Шрифт:
— То письмо сохранилось?
— Нет. Я его порвал. Сама виновата. Но у меня сохранились» черновики. Только я их не покажу. Пока не покажу.
— Почему?
— Не хочу дискуссий. Если начнем обсуждать мой замысел, я могу вообще не написать этот роман. Кроме того, там есть вещи, которые тебе пока знать нельзя.
— Вэл, ну пожалуйста, — умоляла она.
— Просить бесполезно, — отрезал я. — Придется подождать.
— А если записи потерялись?
— Меня это не очень расстроит. Я с легкостью восстановлю их.
Мона надулась. В конце концов, книга и о ней тоже, не только обо мне… В ход пошли и другие аргументы. Но я был неумолим.
Зная, что в мое отсутствие она весь дом переворошит, чтобы найти черновики, я дал ей понять, что они хранятся в доме родителей.
— Я хорошо припрятал бумаги, их никто не найдет, — сказал я.
Брошенный взгляд говорил, что ее так просто не провести. Не знаю уж, что за этим крылось, но она притворилась, что сдалась и больше не намерена об этом думать.
Чтобы разрядить атмосферу, я сказал, что в случае успеха ее имя навсегда войдет в историю литературы. Почувствовав, что мои слова прозвучали несколько выспренне, я прибавил:
— Может, ты и не всегда узнаешь себя, но обещаю, что когда я закончу твой портрет, его не забудут.
Мона казалась растроганной.
— Звучит довольно самоуверенно, — сказала она.
— Этому есть причины. Я прожил эту книгу. Могу начать писать с любого места и не запутаюсь. Что-то вроде лужайки с дождевальной установкой — надо только повернуть кран, и она заработает. — Я постучал по голове. — Книга здесь, написанная невидимыми… точнее сказать, несмываемыми чернилами.
— Ты хочешь рассказать всю правду — о нас?

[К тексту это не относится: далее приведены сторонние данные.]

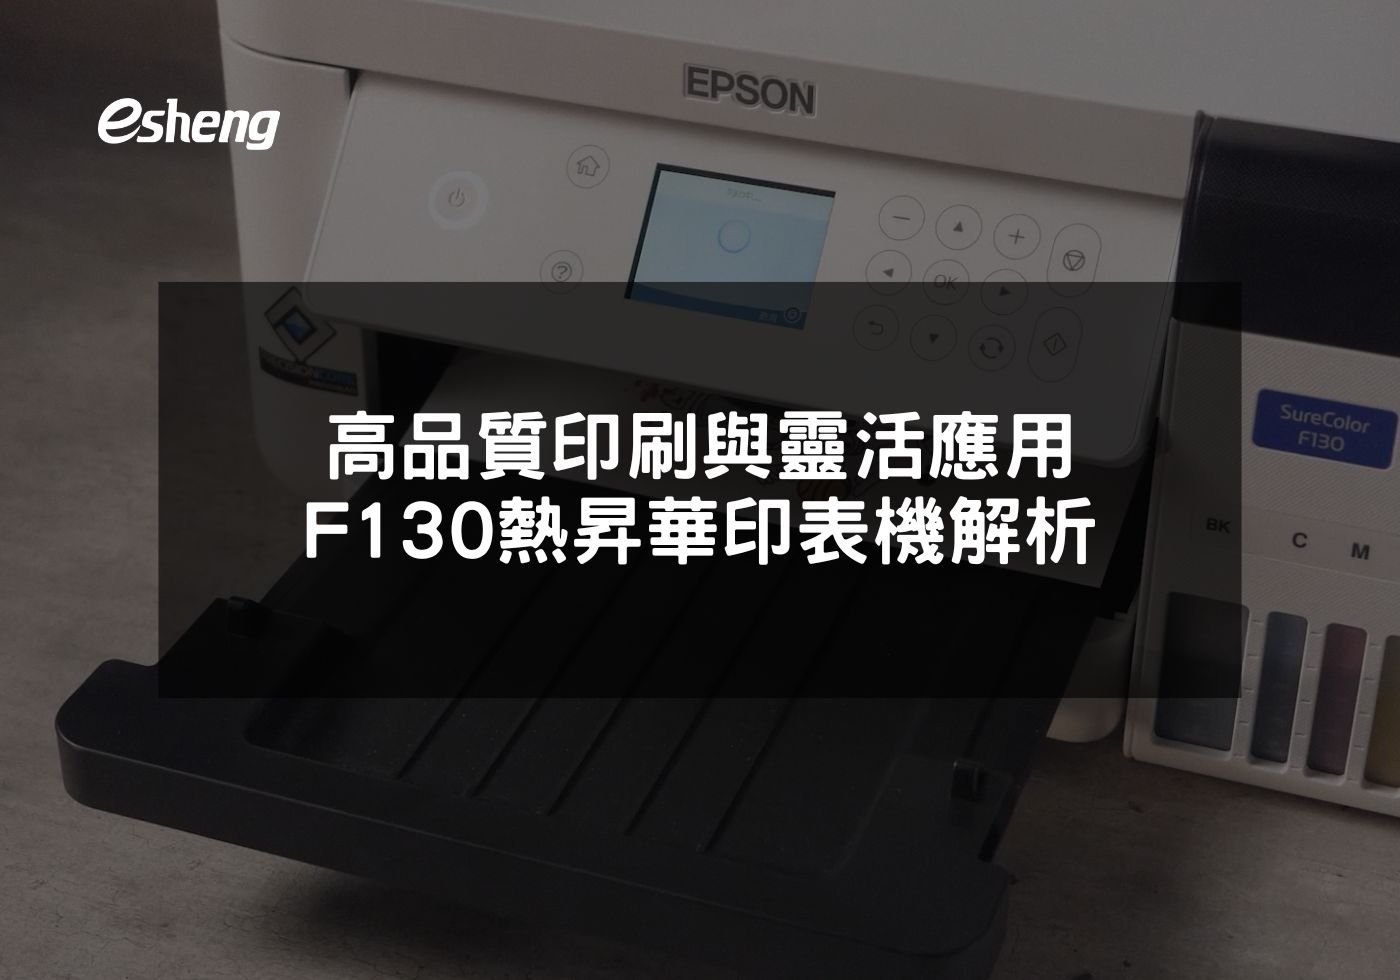 閱讀更多文章 高品質印刷與靈活應用 EPSON F130 熱昇華印表機解析

— Конечно. И не только о нас — обо всех.
— Думаешь, на такую книгу найдется издатель?
— Об этом я не думал. Ее еще надо написать.
— Надеюсь, сначала ты закончишь роман?
— Несомненно. Возможно, еще и пьесу.
— Пьесу? О, Вэл, как чудесно!
Этим ее восклицанием и завершился наш разговор.
Во мне по-прежнему жил страх: сколько еще продлится этот мир и покой? Все шло слишком хорошо. На ум приходил Хокусай, его взлеты и падения, девятьсот сорок семь переездов с квартиры на квартиру, его упорство, невероятная творческая плодовитость. Вот это жизнь! А я все еще топчусь на пороге. Чтобы оставить после себя что-нибудь значительное, мне нужно прожить девяносто, а то и сто лет.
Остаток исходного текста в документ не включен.